US 12,452,113 B1
Transceiver decoding method and system based on protograph differential chaos shift keying
Yi Fang, Guangdong (CN); Yuyi He, Guangdong (CN); Liang Lv, Guangdong (CN); Liuguo Yin, Guangdong (CN); and Pingping Chen, Guangdong (CN)
Assigned to Guangdong University of Technology, Guangzhou (CN)
Filed by Guangdong University of Technology, Guangdong (CN)
Filed on Jun. 11, 2025, as Appl. No. 19/235,482.
Claims priority of application No. 202410773836.9 (CN), filed on Jun. 17, 2024.
Int. Cl.
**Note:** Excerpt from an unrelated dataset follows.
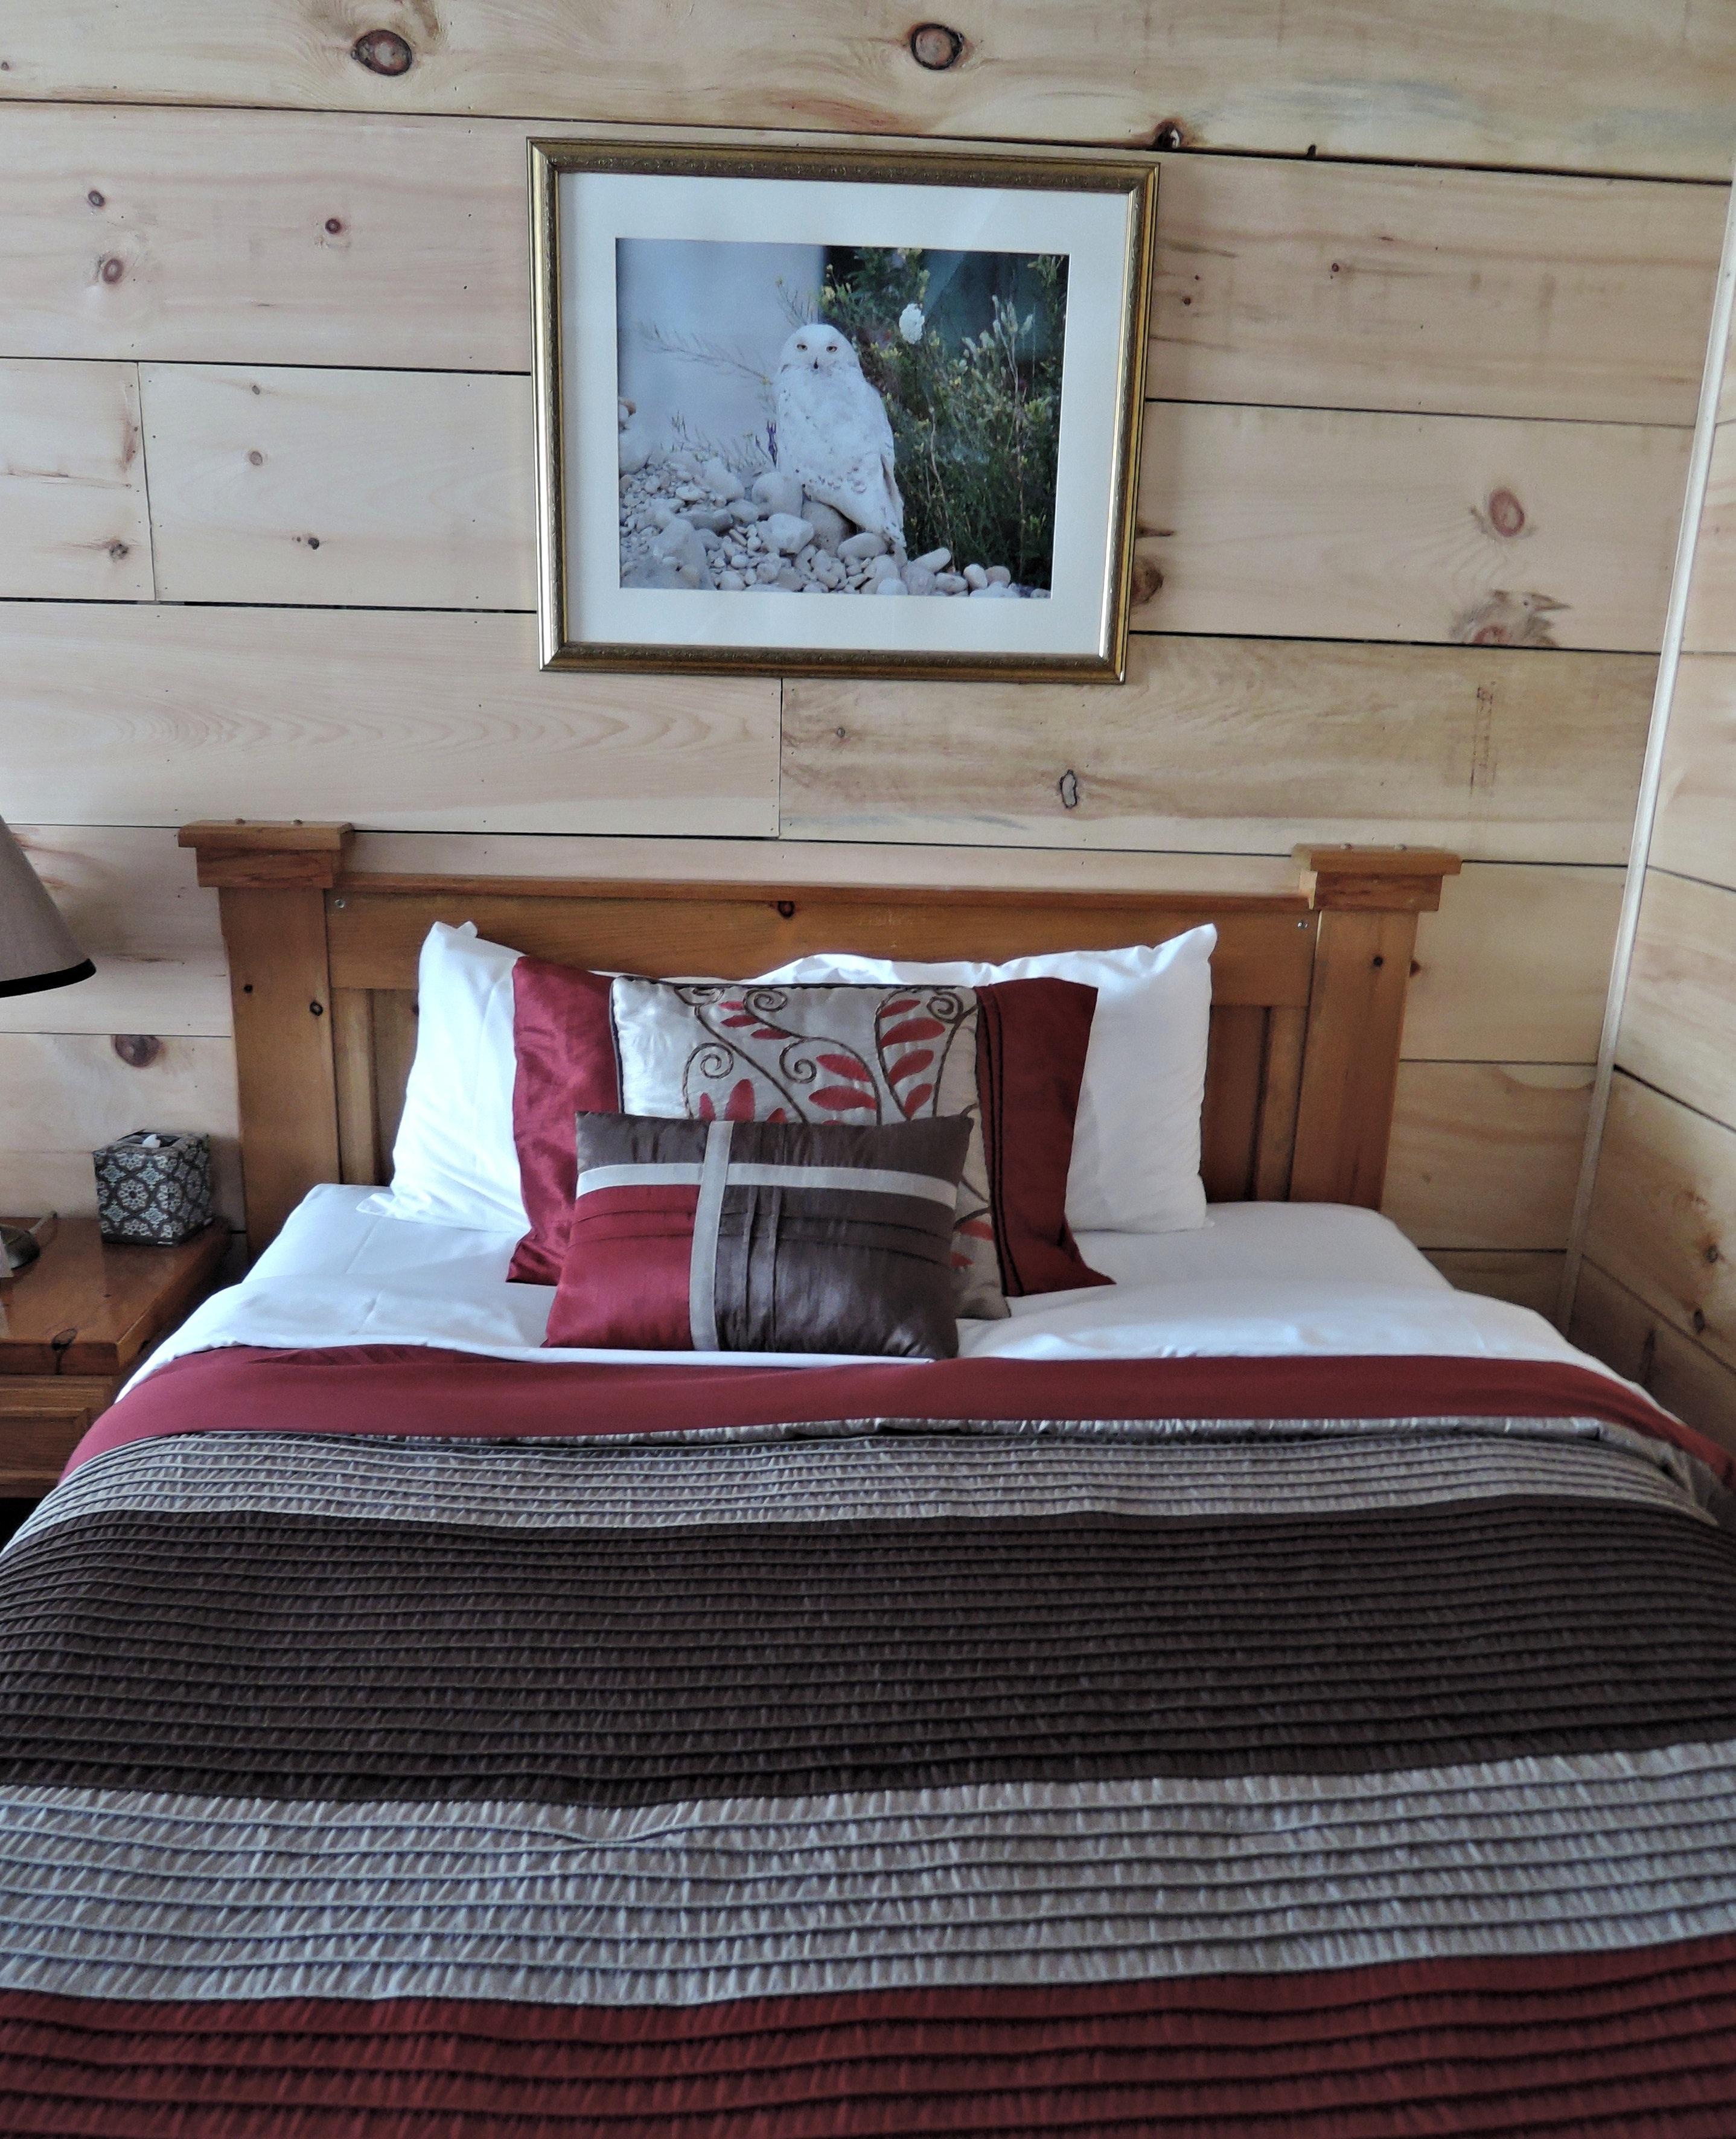 Holz Haus Stock Zuhause Hütte Eigentum Wohnzimmer Möbel Zimmer Bunt  Schlafzimmer Innenarchitektur Bett Bodenbelag Bettdecke Holzmöbel

H04L 27/00 (2006.01); H04L 1/00 (2006.01)
CPC H04L 27/001 (2013.01) [H04L 1/0057 (2013.01)] 9 Claims
OG exemplary drawing
 
1. A transceiver decoding method based on protograph differential chaos shift keying, a transceiver comprising a protograph differential chaos shift keying transmitter, a wireless channel, a target extrinsic information-aided network and an a-priori calculation decoder, wherein the method comprises:
acquiring an information bit sequence, performing a coded modulation on the information bit sequence via the protograph differential chaos shift keying transmitter, and outputting a plurality of modulated symbols;
inputting each modulated symbol into the wireless channel for channel interference, and outputting a received symbol corresponding to each modulated symbol;
using the target extrinsic information-aided network to determine a target a-posteriori probability vector corresponding to each received symbol according to each received symbol and a preset initial a-posteriori probability vector corresponding to each received symbol;
inputting each target a-posteriori probability vector into the a-priori calculation decoder for decoding, and outputting an initial decoded bit sequence; and
determining a target decoded bit sequence according to the initial decoded bit sequence and a preset check matrix; and
the target extrinsic information-aided network comprises a convolutional neural network-long short-term memory block, a fully connected block, and a decision block; and the step of using the target extrinsic information-aided network to determine a target a-posteriori probability vector corresponding to each received symbol according to each received symbol and a preset initial a-posteriori probability vector corresponding to each received symbol comprises:
using the convolutional neural network-long short-term memory block to perform one-dimensional feature extraction on each received symbol, and generating a first feature vector corresponding to each received symbol;
using the fully connected block to perform vector feature extraction on the preset initial a-posteriori probability vector corresponding to each received symbol, and determining a second feature vector corresponding to each preset initial a-posteriori probability vector; and
inputting each first feature vector and each second feature vector into the decision block for feature concatenating separately, and outputting the target a-posteriori probability vector corresponding to each received symbol.